Work instructions: Copy out the listing below exactly, please, and skip any pictures.

The data:
== == ==

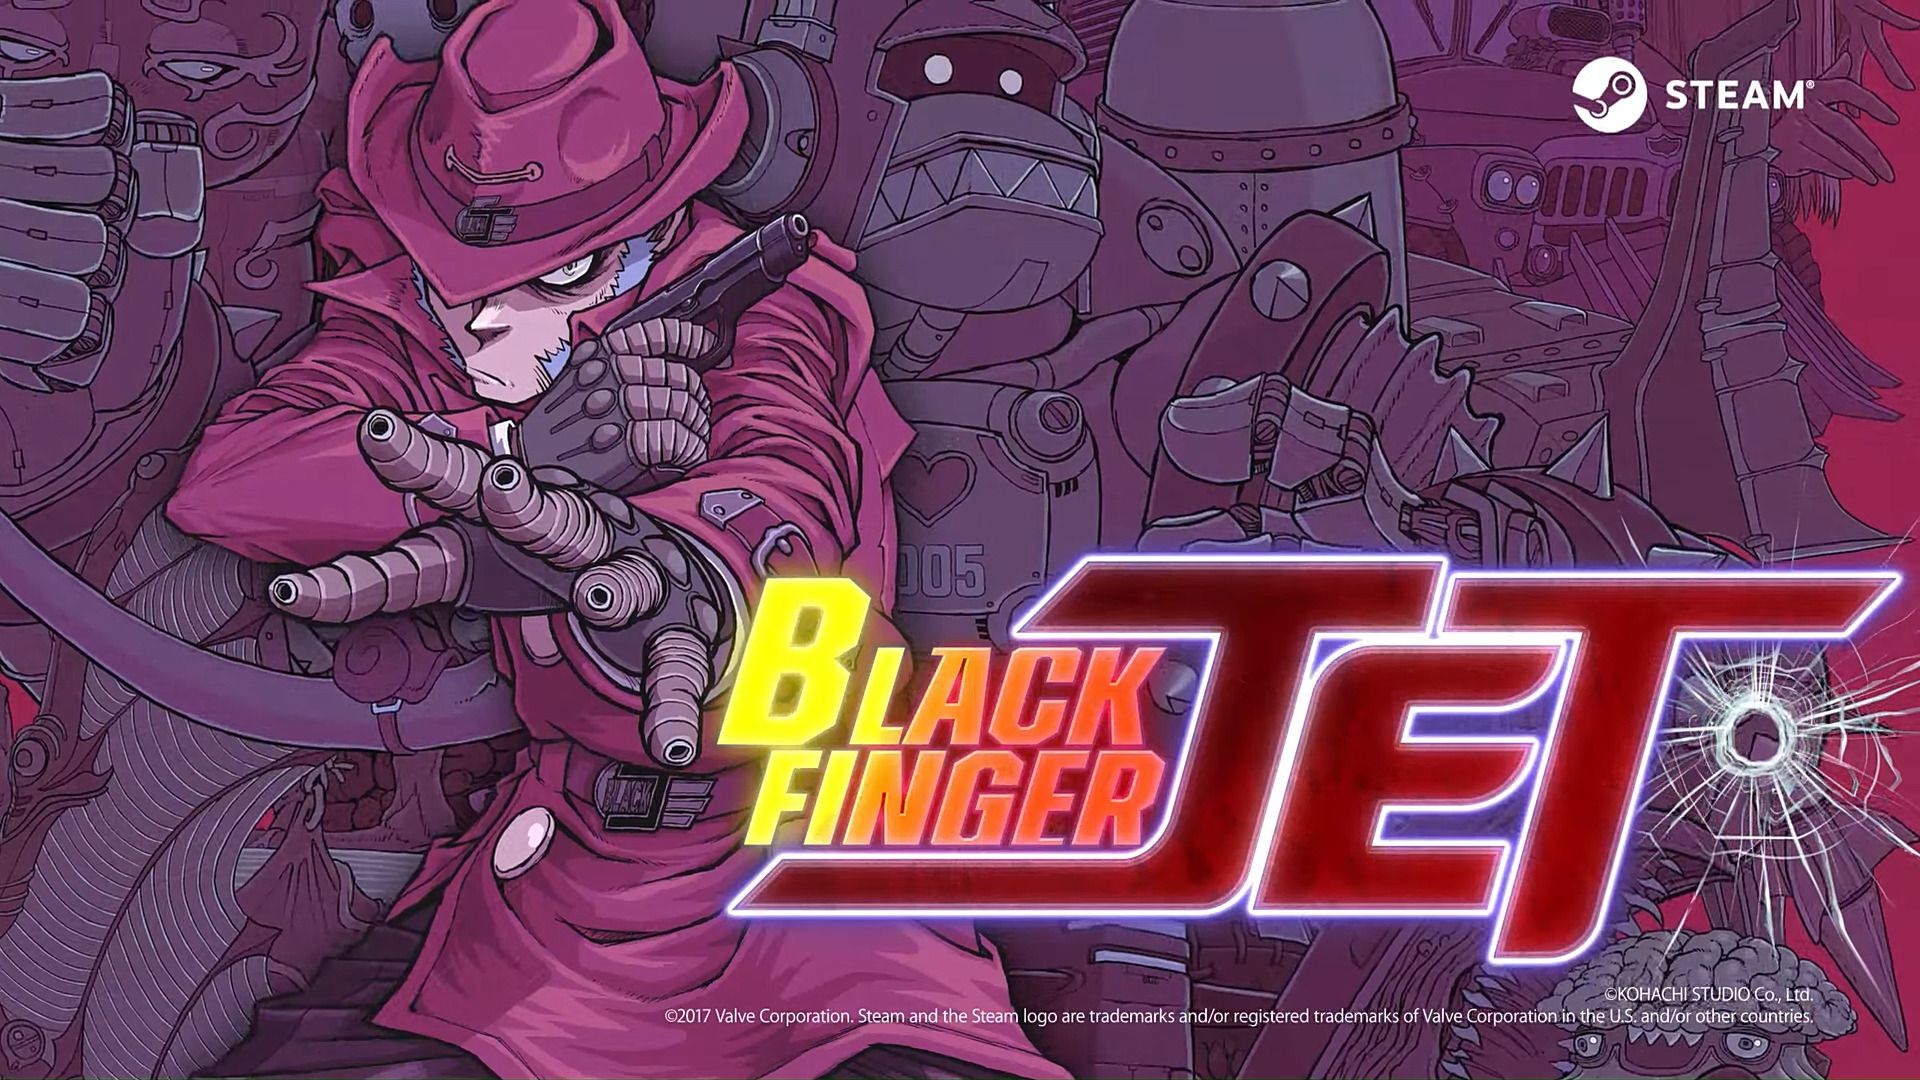 #Black Finger JET: Kohachi Studio zeigt ersten Gameplay-Trailer zum Run-and-Gun-Game
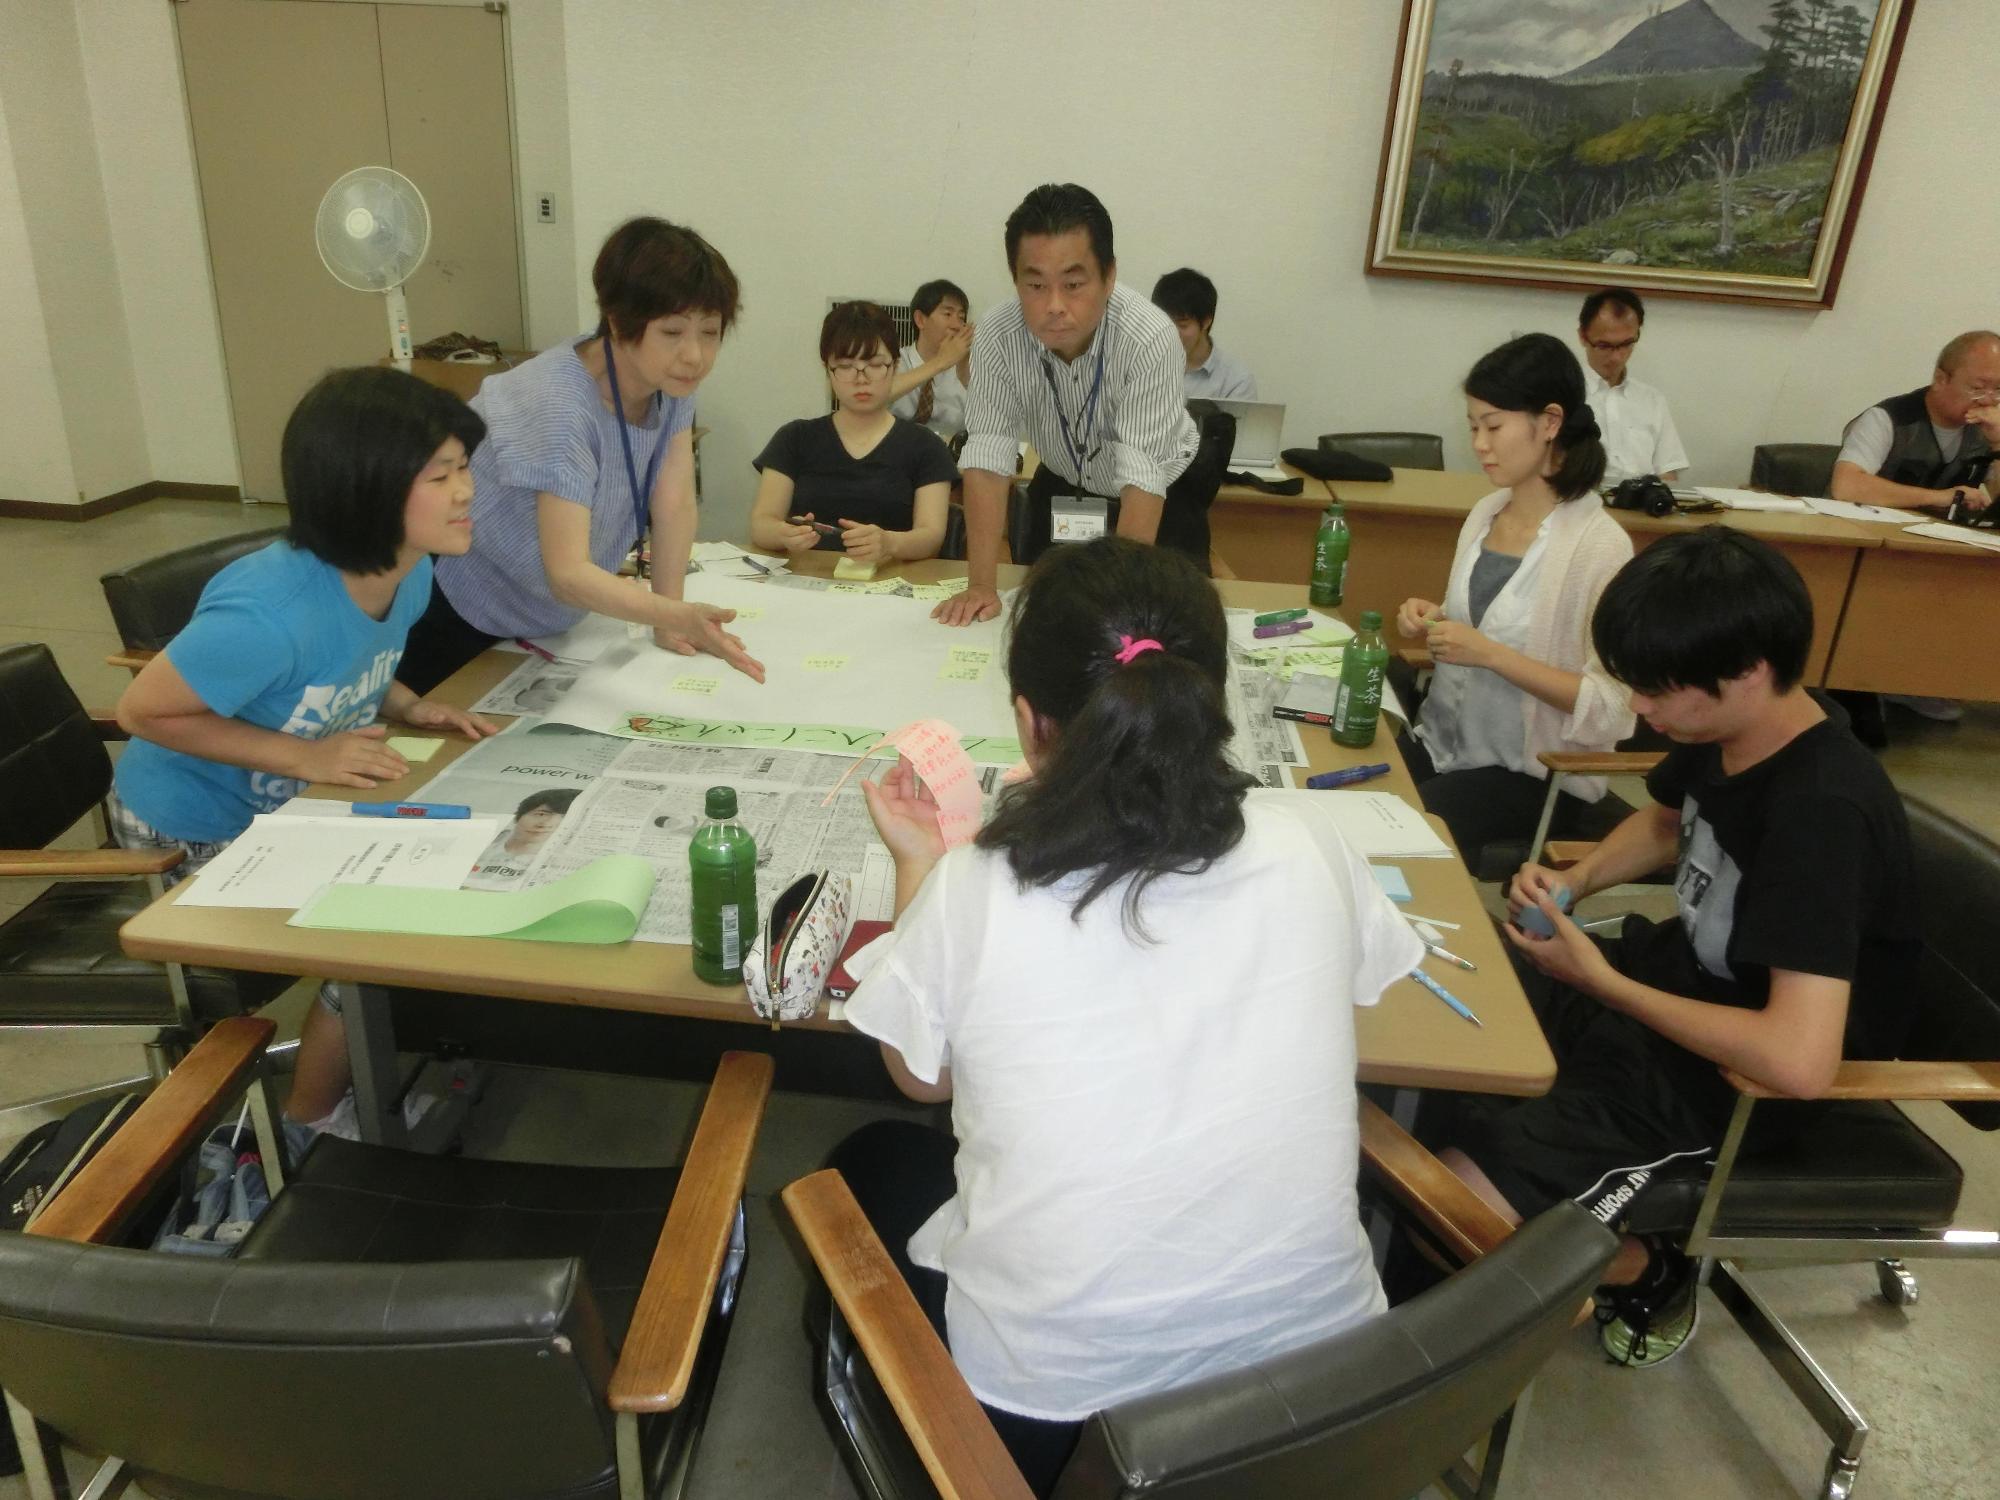 7人で机を囲み意見を出し合っている参加者の写真
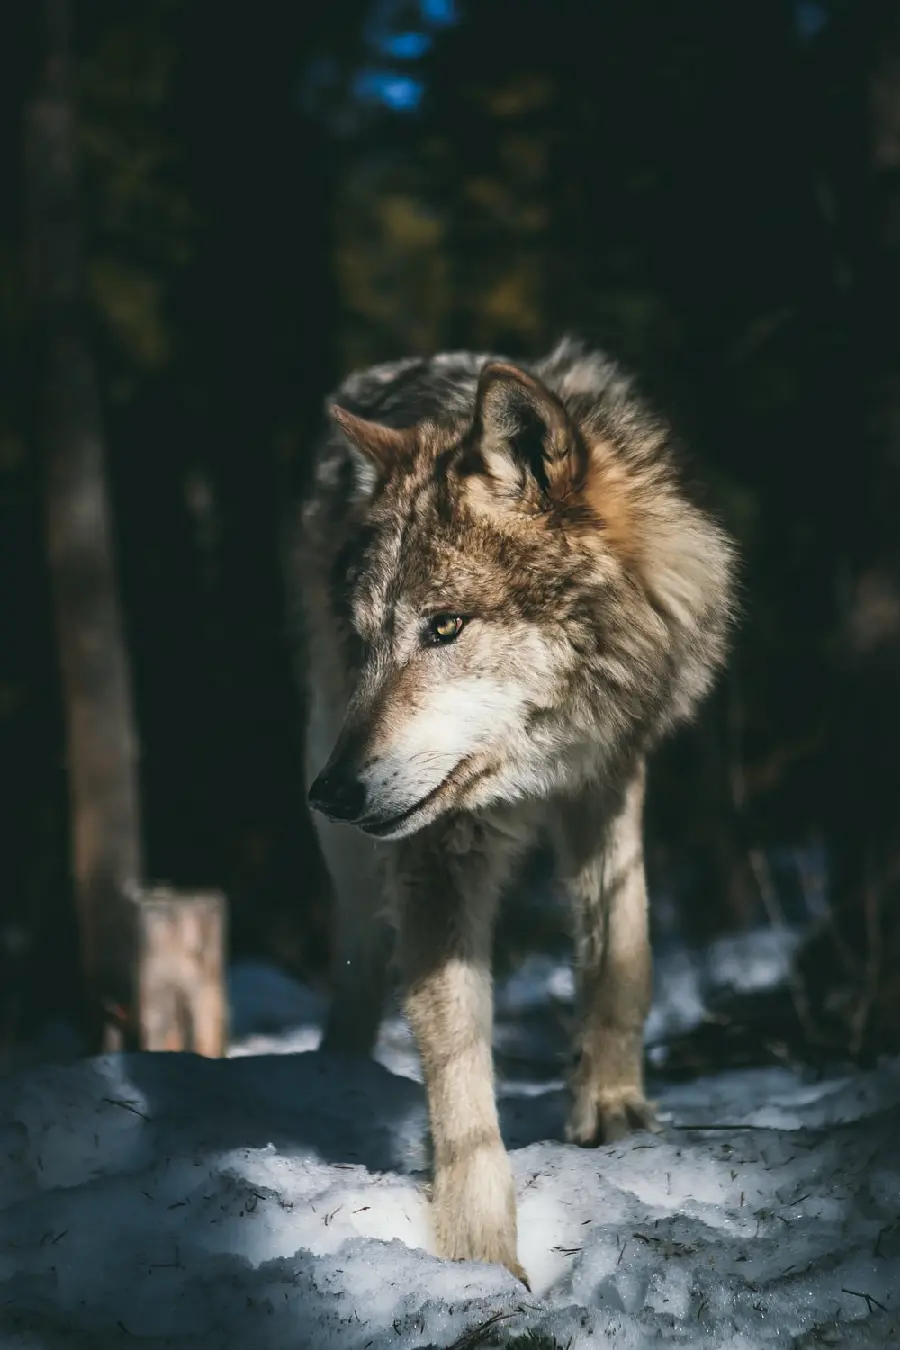 تصویر زیبا گرگ جنگل با کیفیت بالا
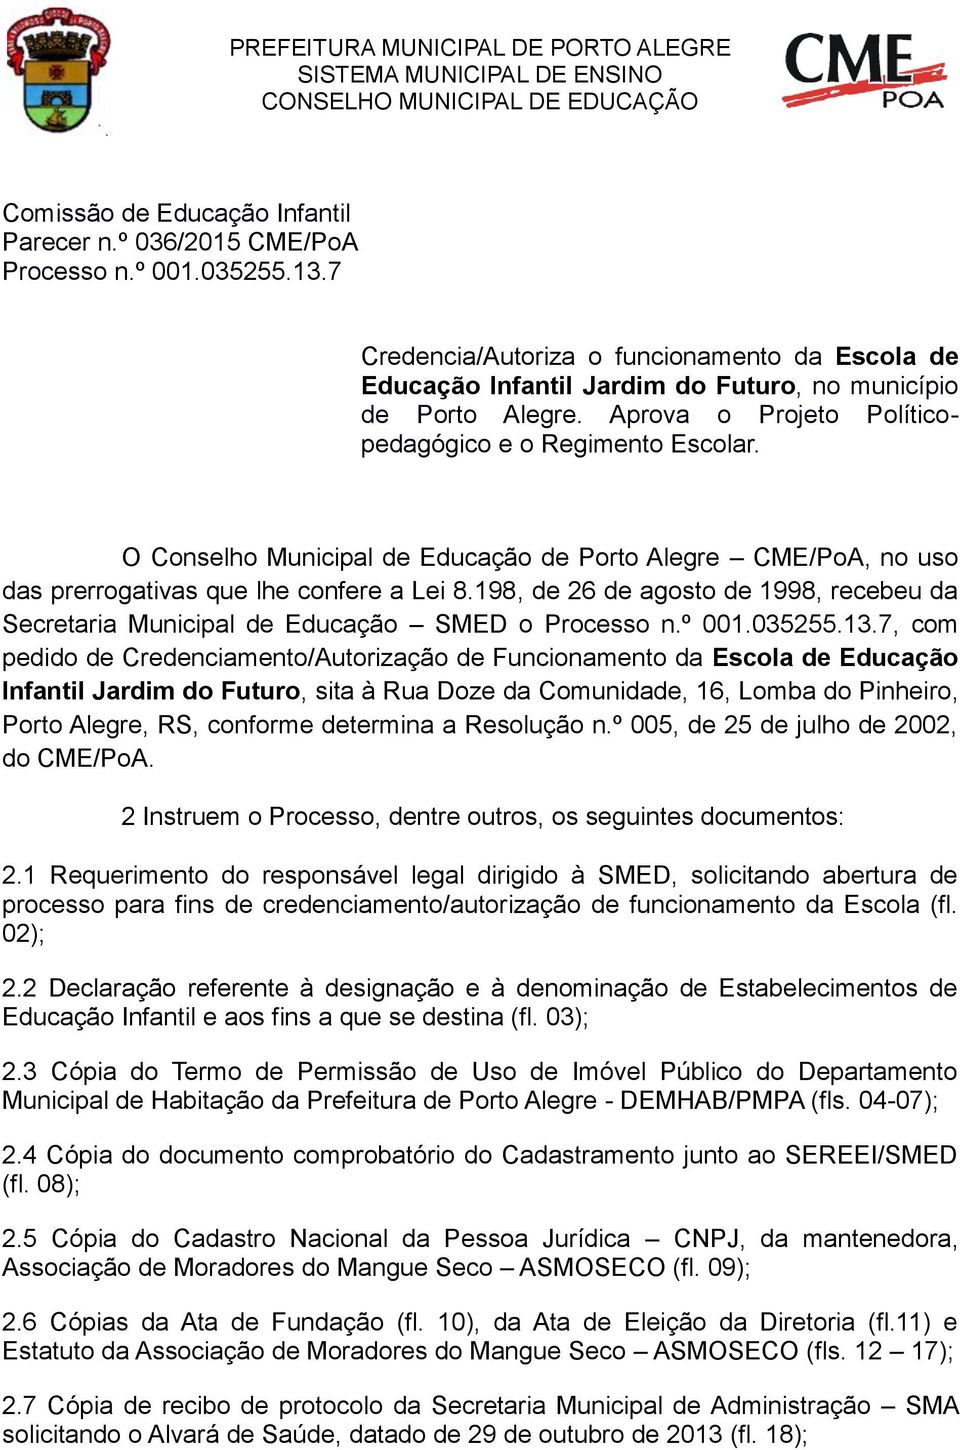 O Conselho Municipal de Educação de Porto Alegre CME/PoA, no uso das prerrogativas que lhe confere a Lei 8.198, de 26 de agosto de 1998, recebeu da Secretaria Municipal de Educação SMED o Processo n.

== == ==

Result of this exercise:
 #Black Finger JET: Kohachi Studio zeigt ersten Gameplay-Trailer zum Run-and-Gun-Game
 7人で机を囲み意見を出し合っている参加者の写真
 تصویر زیبا گرگ جنگل با کیفیت بالا
 O Conselho Municipal de Educação de Porto Alegre CME/PoA, no uso das prerrogativas que lhe confere a Lei 8.198, de 26 de agosto de 1998, recebeu da Secretaria Municipal de Educação SMED o Processo n.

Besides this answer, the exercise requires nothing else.